• REQUIREMENT: Filter the records for "Pink" and keep each line that has it.

START RAW DATA

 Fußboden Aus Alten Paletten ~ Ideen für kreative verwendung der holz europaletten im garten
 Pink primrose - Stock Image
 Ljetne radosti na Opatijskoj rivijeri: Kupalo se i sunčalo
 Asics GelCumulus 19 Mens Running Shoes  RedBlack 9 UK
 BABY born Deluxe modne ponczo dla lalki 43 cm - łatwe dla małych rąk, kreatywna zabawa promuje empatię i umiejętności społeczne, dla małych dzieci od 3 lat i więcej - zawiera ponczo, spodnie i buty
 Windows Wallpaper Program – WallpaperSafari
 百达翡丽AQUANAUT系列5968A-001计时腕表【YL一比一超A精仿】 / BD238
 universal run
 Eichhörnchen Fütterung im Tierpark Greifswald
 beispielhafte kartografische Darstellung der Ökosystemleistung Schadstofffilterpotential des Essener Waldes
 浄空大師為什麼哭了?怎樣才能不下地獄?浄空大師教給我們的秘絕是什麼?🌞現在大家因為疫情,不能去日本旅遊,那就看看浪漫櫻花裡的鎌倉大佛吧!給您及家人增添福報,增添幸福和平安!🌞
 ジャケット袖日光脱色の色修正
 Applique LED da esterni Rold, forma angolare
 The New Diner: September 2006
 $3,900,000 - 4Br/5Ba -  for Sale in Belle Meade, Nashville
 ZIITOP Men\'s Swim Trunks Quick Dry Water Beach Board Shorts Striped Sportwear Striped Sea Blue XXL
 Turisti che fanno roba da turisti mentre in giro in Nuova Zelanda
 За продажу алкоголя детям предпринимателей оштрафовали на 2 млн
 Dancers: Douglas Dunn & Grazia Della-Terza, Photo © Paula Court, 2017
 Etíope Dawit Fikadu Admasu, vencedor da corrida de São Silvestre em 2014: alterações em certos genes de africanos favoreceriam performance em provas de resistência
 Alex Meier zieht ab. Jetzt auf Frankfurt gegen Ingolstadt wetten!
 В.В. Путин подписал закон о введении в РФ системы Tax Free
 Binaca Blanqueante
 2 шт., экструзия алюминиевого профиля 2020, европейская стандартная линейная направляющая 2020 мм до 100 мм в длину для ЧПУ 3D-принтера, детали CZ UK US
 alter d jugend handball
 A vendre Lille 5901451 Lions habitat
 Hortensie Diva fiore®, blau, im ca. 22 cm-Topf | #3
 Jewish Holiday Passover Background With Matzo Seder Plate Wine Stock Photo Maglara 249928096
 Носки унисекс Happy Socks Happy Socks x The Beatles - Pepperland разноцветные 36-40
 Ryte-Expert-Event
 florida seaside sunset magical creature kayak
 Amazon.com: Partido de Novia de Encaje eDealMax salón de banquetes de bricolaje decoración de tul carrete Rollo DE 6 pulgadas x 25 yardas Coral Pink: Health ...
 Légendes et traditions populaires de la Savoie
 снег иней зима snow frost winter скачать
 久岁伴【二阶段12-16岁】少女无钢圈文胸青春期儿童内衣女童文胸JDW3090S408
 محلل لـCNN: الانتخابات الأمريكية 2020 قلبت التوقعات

END RAW DATA

• RESPONSE BOX:
 Pink primrose - Stock Image
 Amazon.com: Partido de Novia de Encaje eDealMax salón de banquetes de bricolaje decoración de tul carrete Rollo DE 6 pulgadas x 25 yardas Coral Pink: Health ...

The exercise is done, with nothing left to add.